## WORK TASK:
An exact reproduction of the listing is wanted, with the pictures dropped.
(DATASET EXCERPT)
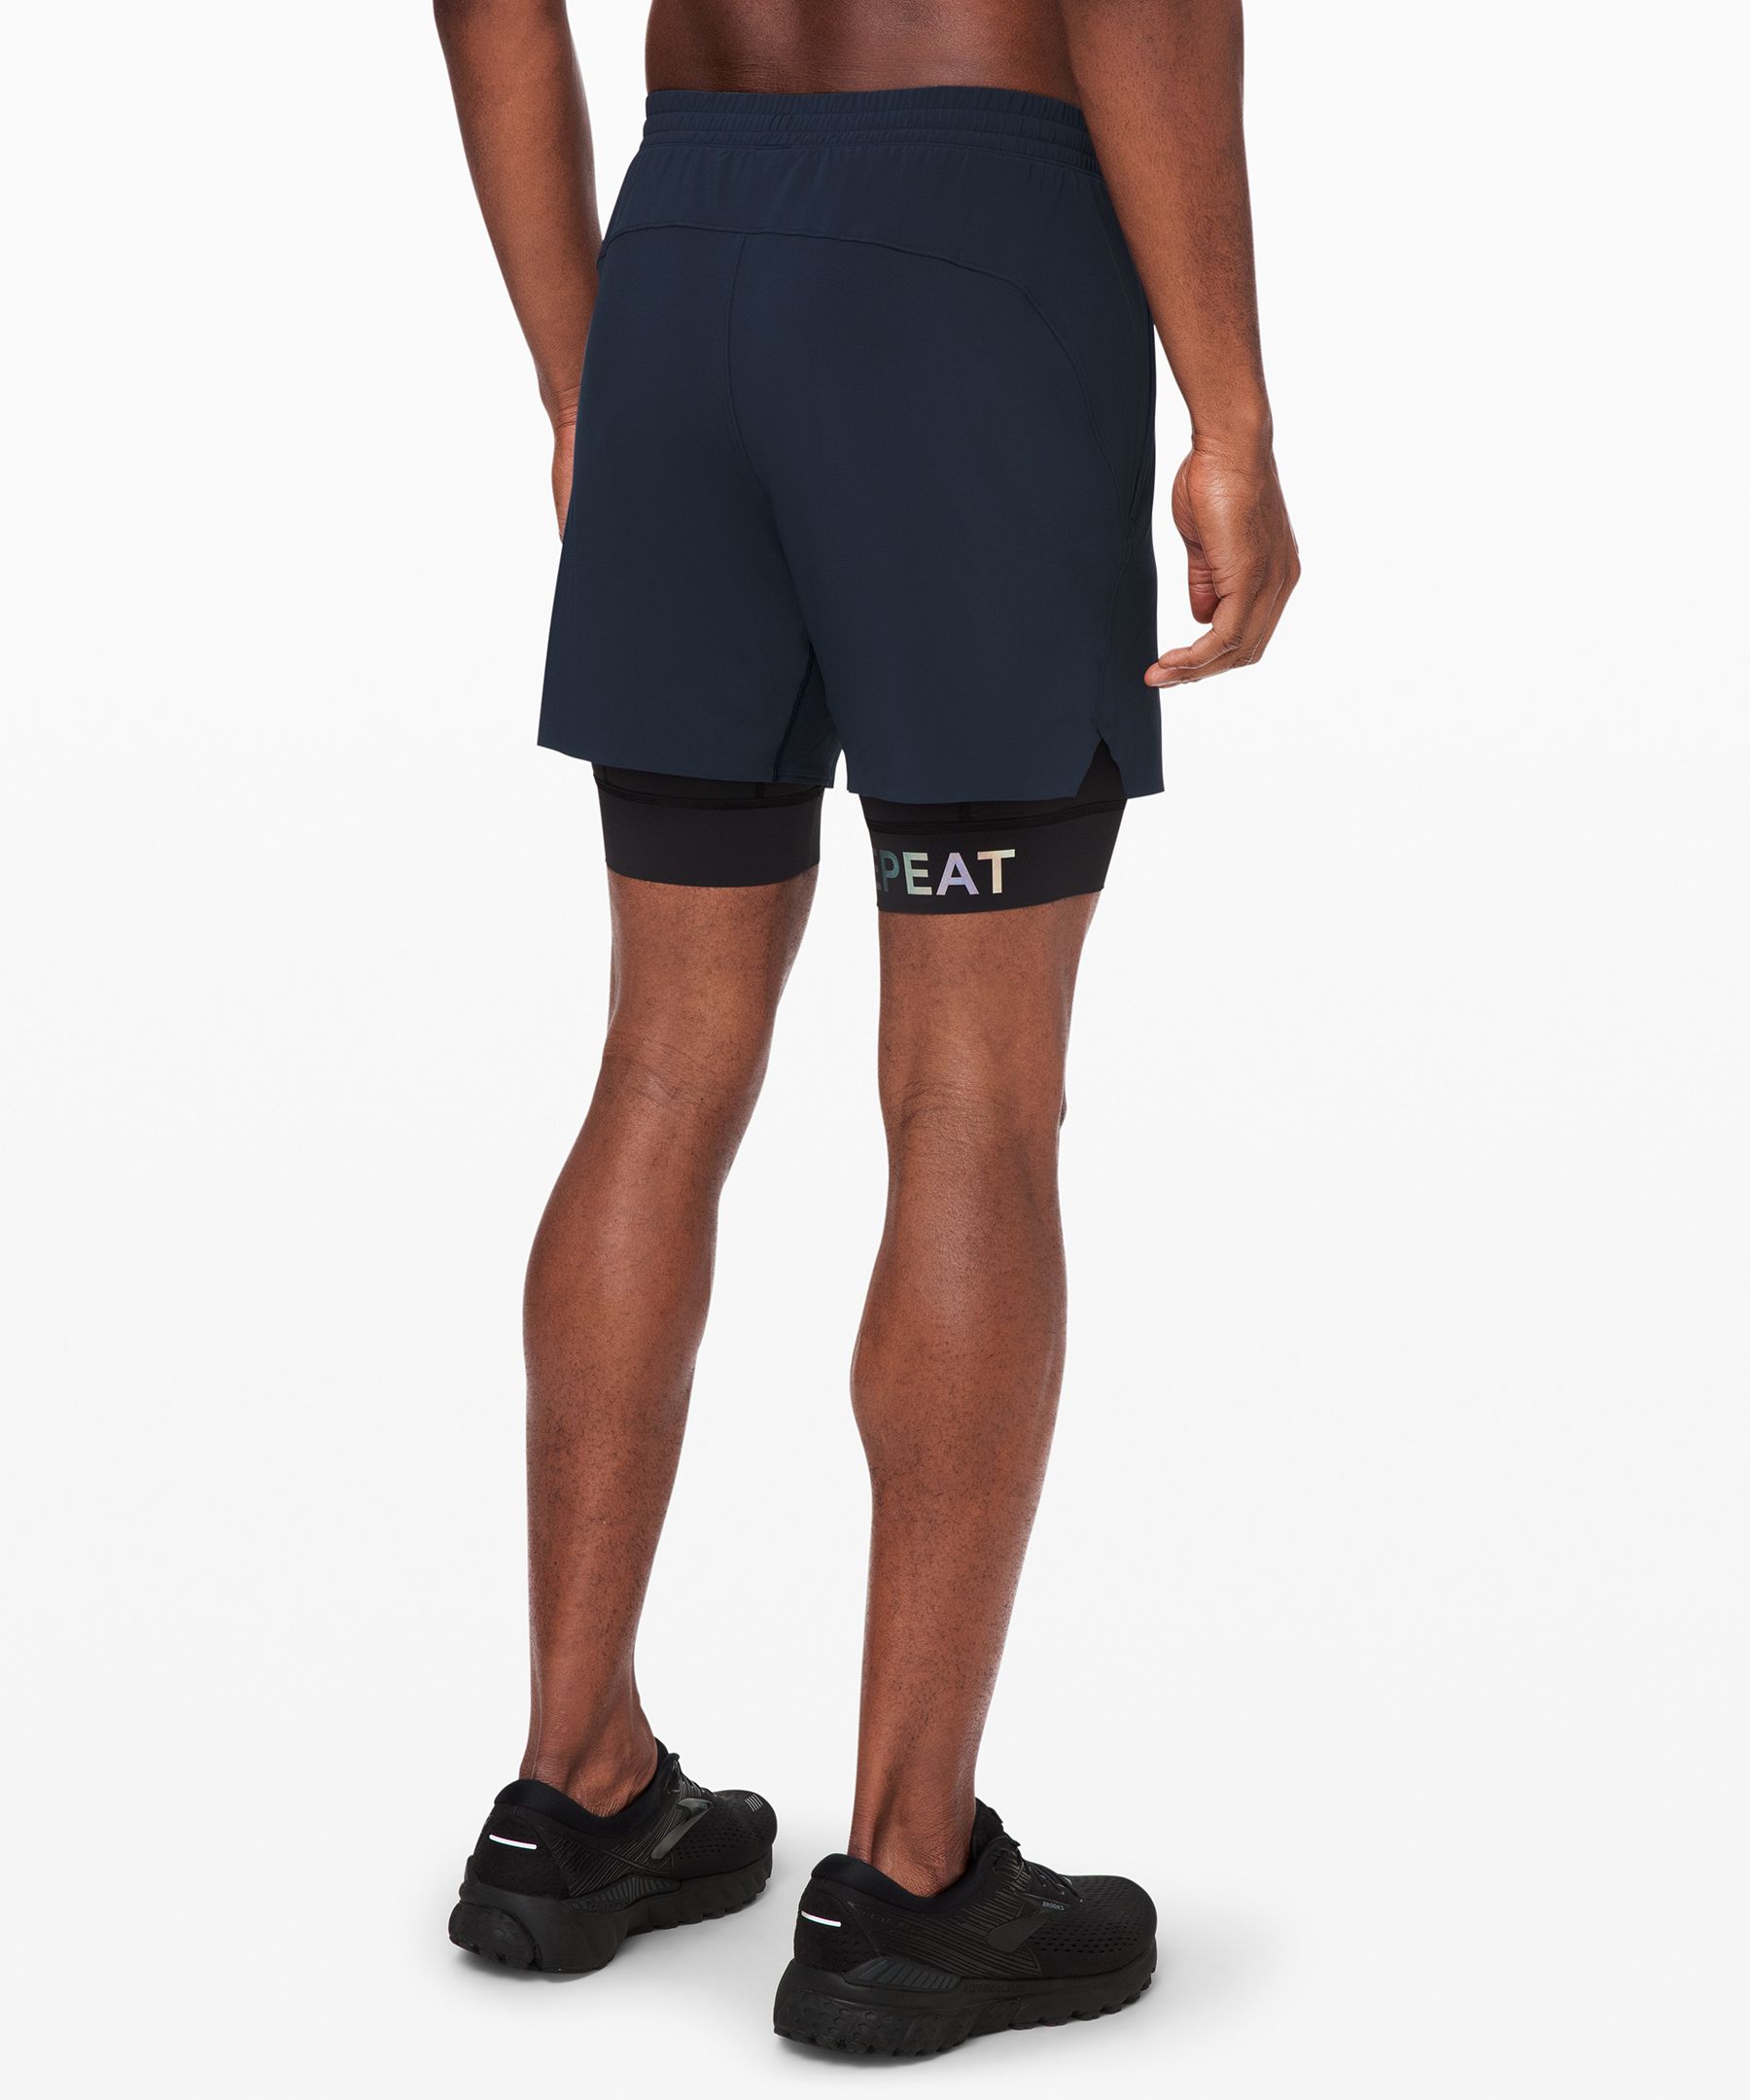 lululemon liner shorts
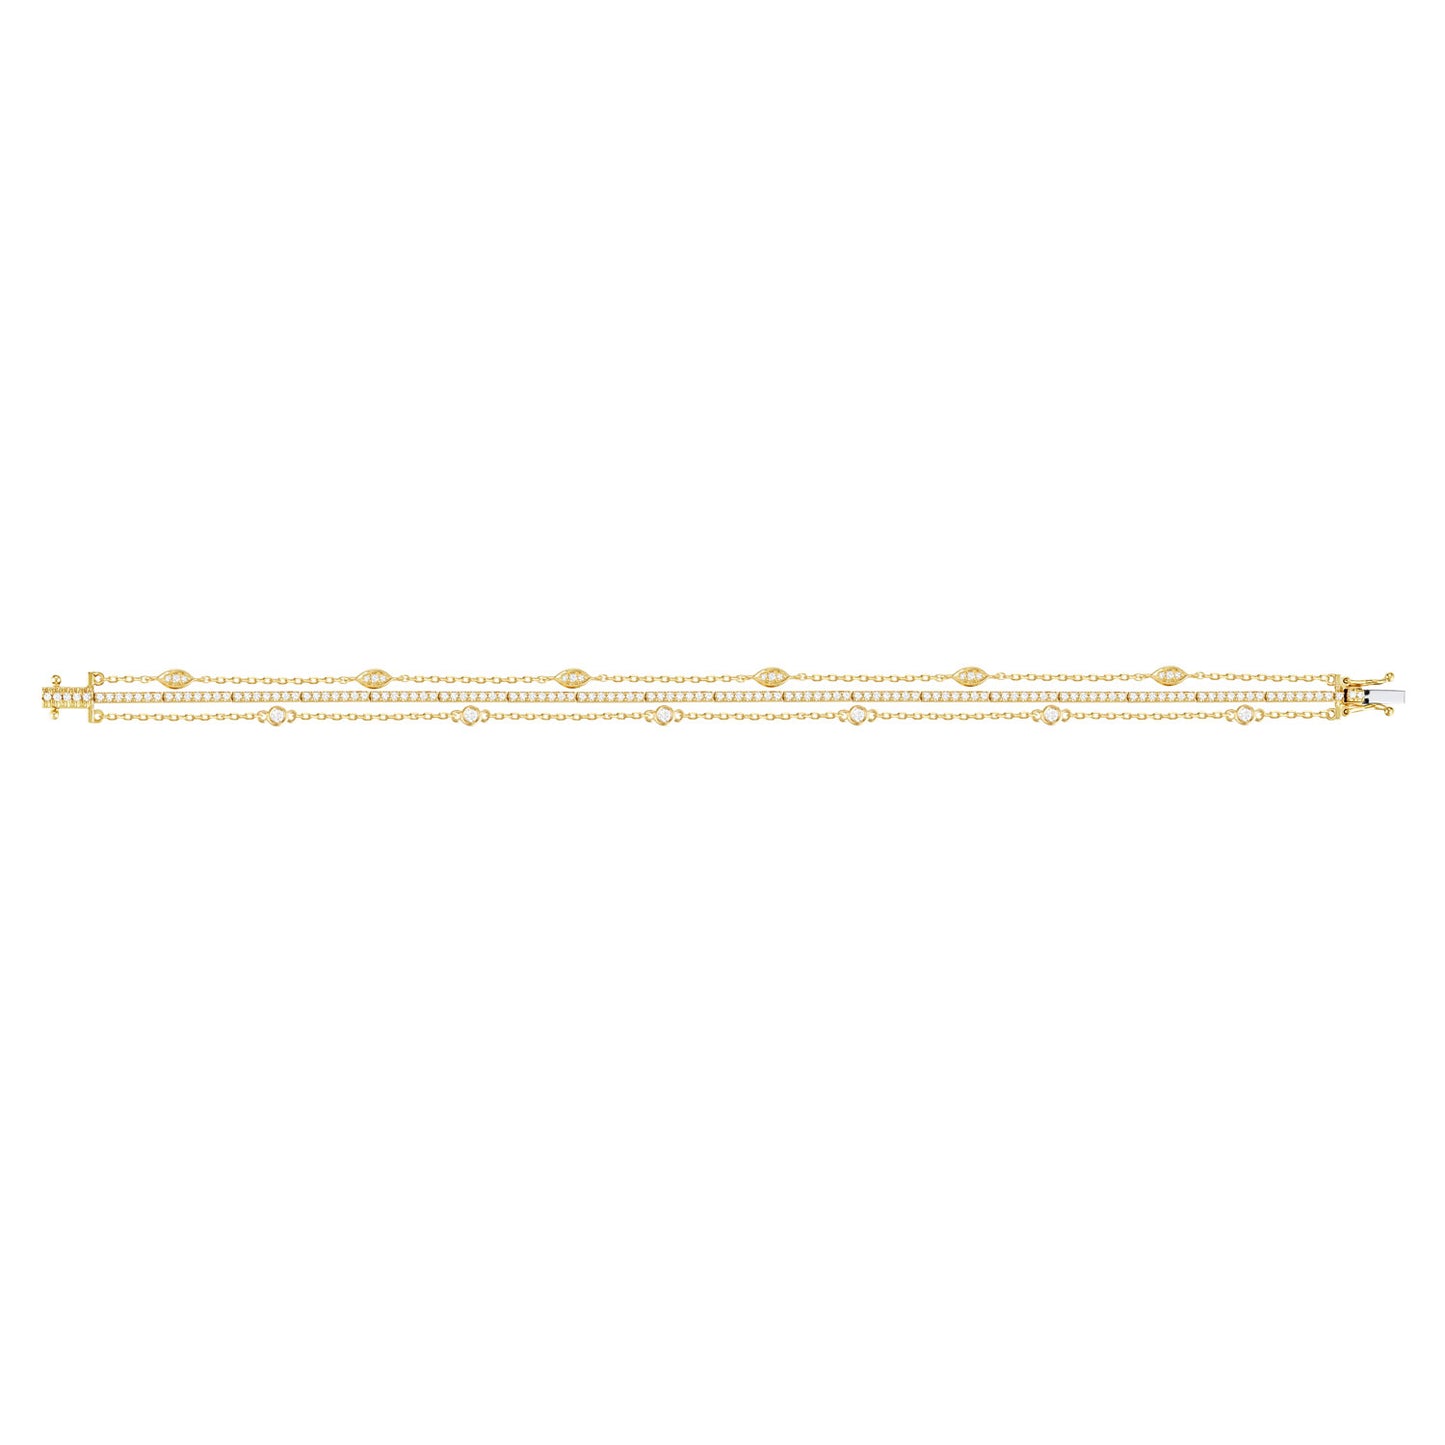 Luvente 14 Karat Yellow Gold Diamond Line Bracelet with Marquise Diamond Dangle Stations
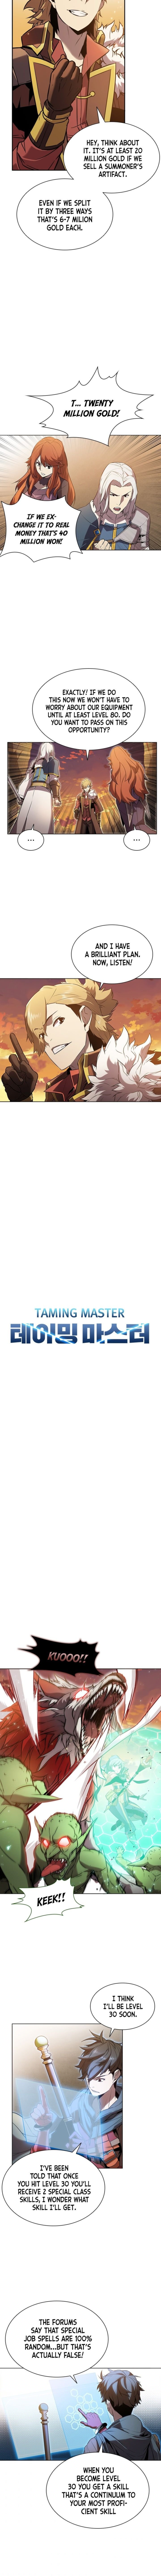 taming_master_10_3
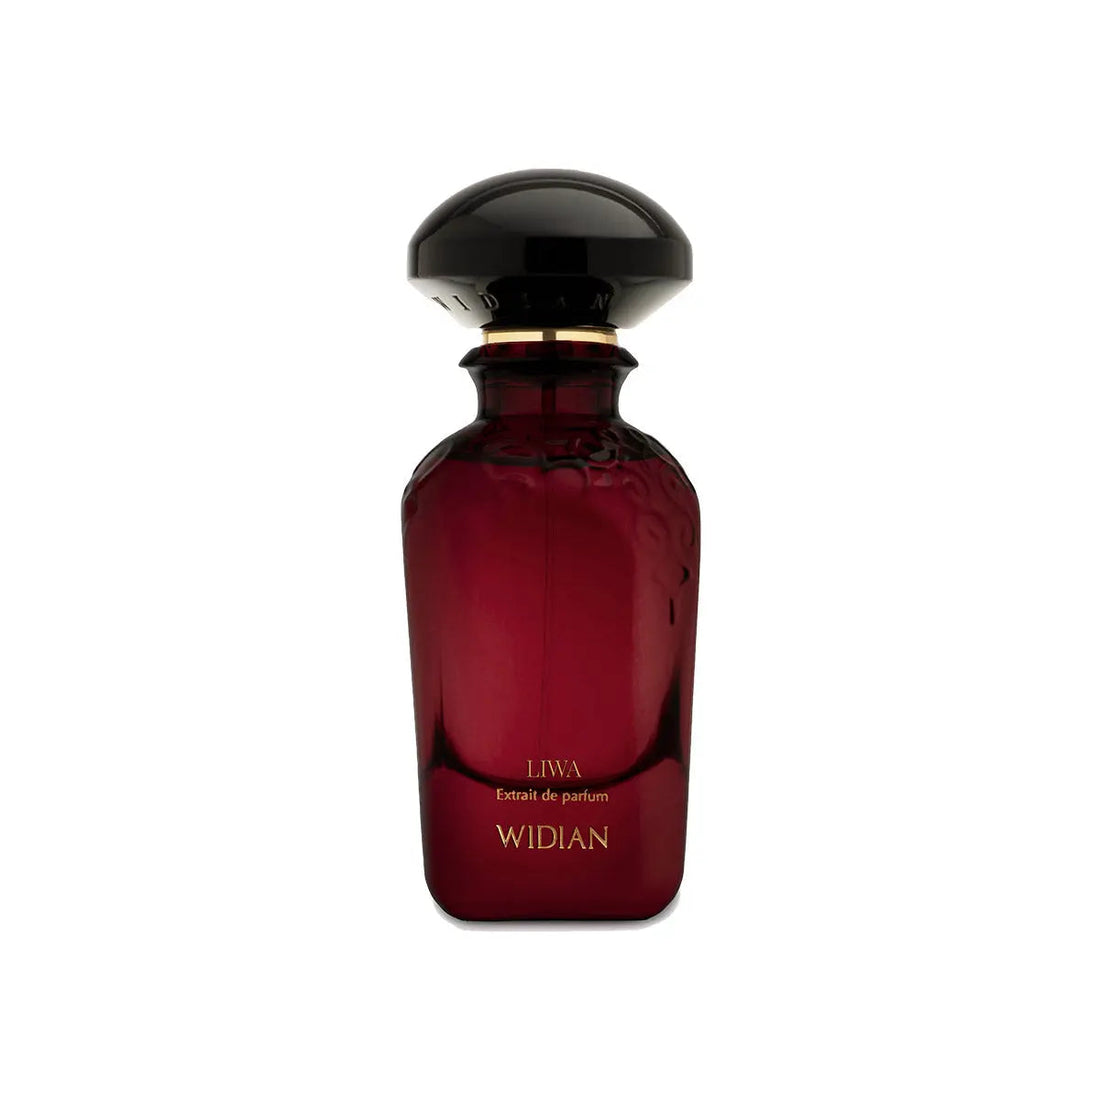 Liwa Widian perfume extract - 50 ml
(End DATASET EXCERPT)
## WRITTEN REPLY:
 lululemon liner shorts
 Luvente 14 Karat Yellow Gold Diamond Line Bracelet with Marquise Diamond Dangle Stations
 taming_master_10_3
 Liwa Widian perfume extract - 50 ml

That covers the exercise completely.